Americanah Provocation – Group 3

In Chapter 27 of Americanah, Obinze left the bookshop and made his way to the tube station. When he sat down on the tube, he noticed a woman opposite of him reading the evening paper, which was titled “Speak English at home, Blunkett tells immigrants” (Adichie 320). Obinze notes that many articles regarding immigration in the British Isles were being published, which instilled fear in citizens about asylum seekers trying to come into their country. The text states:

“[S]o articles were written and read, simply and stridently, as though the writers lived in a world in which the present was unconnected to the past, and they had never considered this to be the normal course of history: the influx into Britain of black and brown people from countries created by Britain” (Adichie 320).

These writers were failing to acknowledge that Britain once ruled the countries that these immigrants were coming from, and citizens were acting as if they should be fearful of the immigrants’ attempts to settle into their country.
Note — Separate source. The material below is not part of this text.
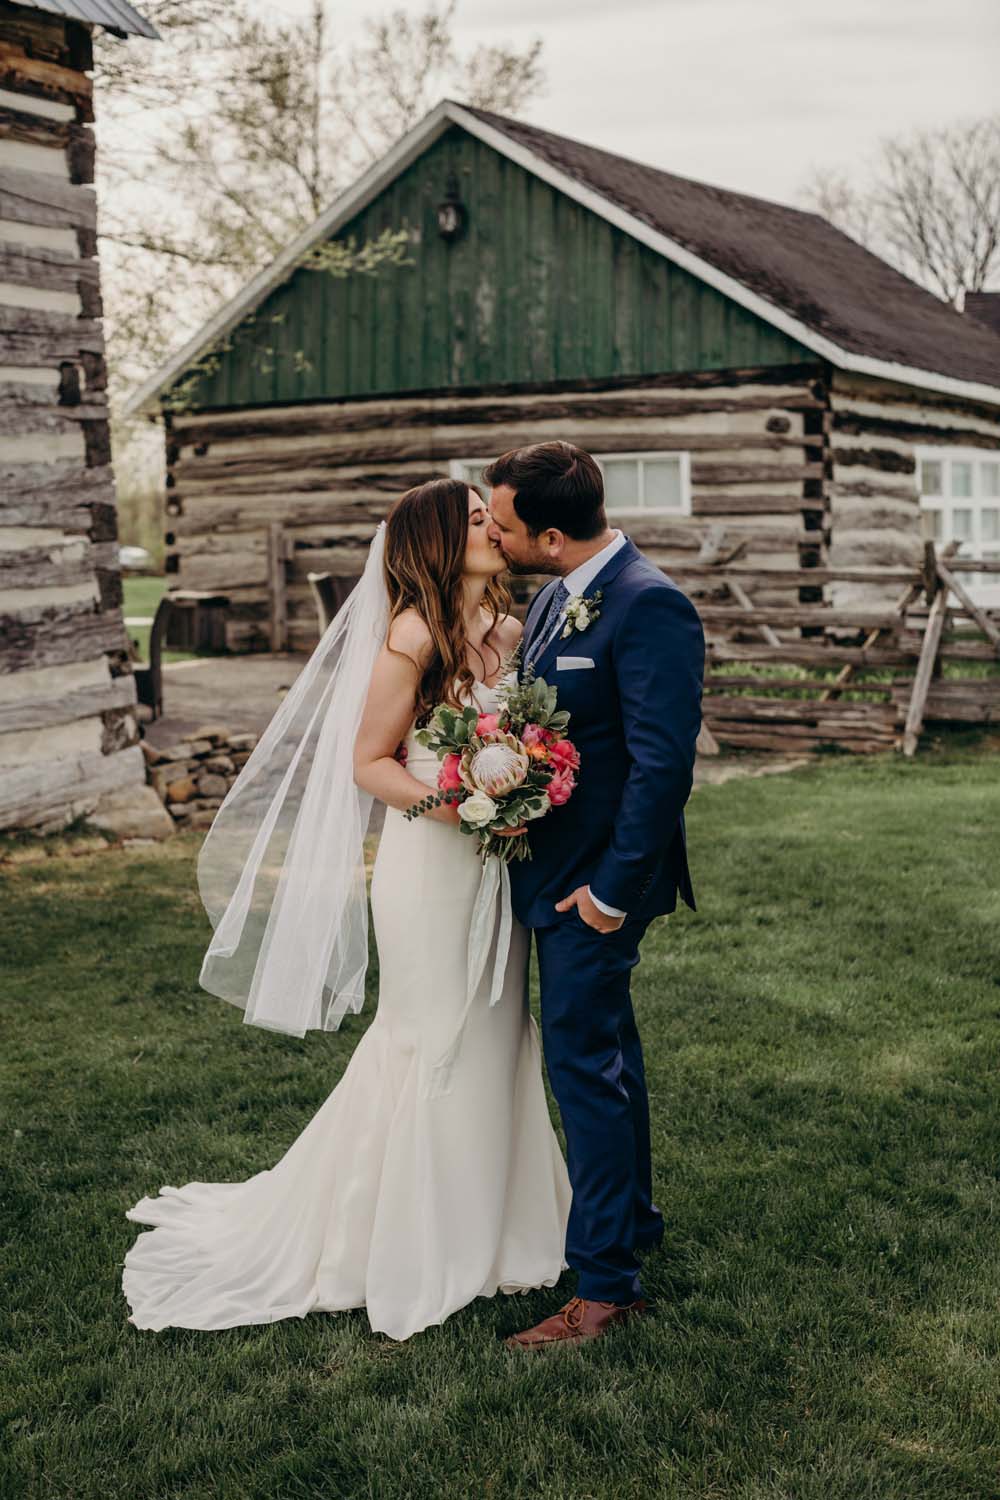 A Rustic-Chic Farm Wedding Outside Of Ottawa - bride and groom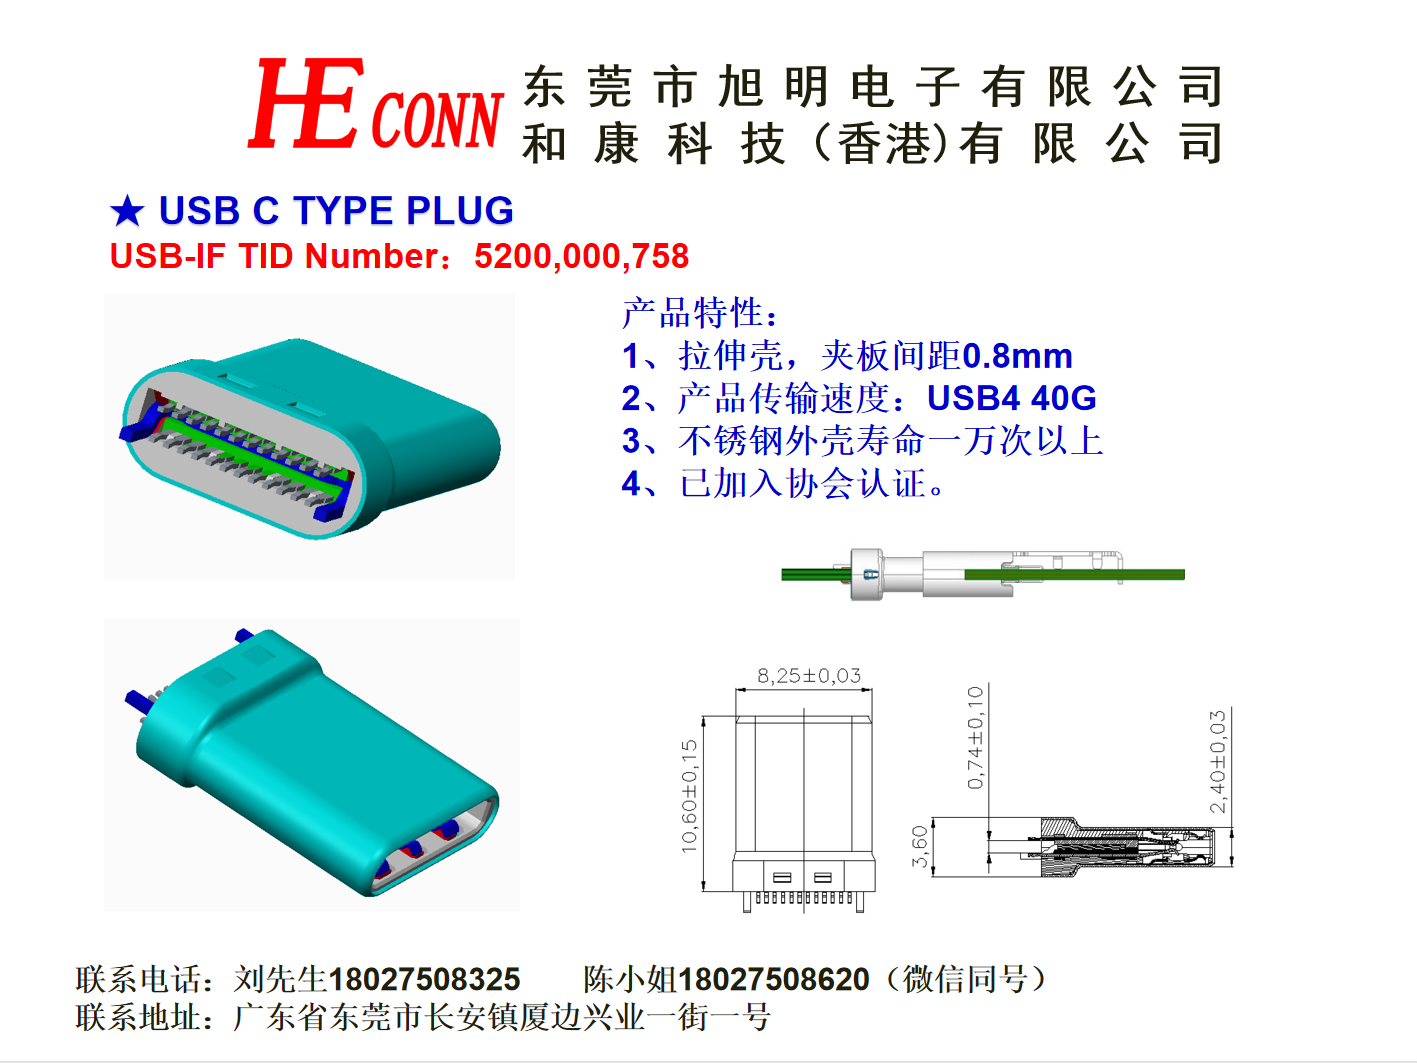 USB TYPE C PLUG

Obinze believes that the citizens denying the history of their country had to be comforting for them because they were failing to acknowledge that these immigrants we once part of British rule.

Why would the citizens rather deny the past and become fearful of immigrants seeking to come into their country, instead of feeling compassion and empathy for the immigrants trying to make a better life for themselves?

Works Cited

Adichie, Chimamanda Ngozi. Americanah, Anchor Books, A Division of Random House LLC, New York, 2013, p. 317-321.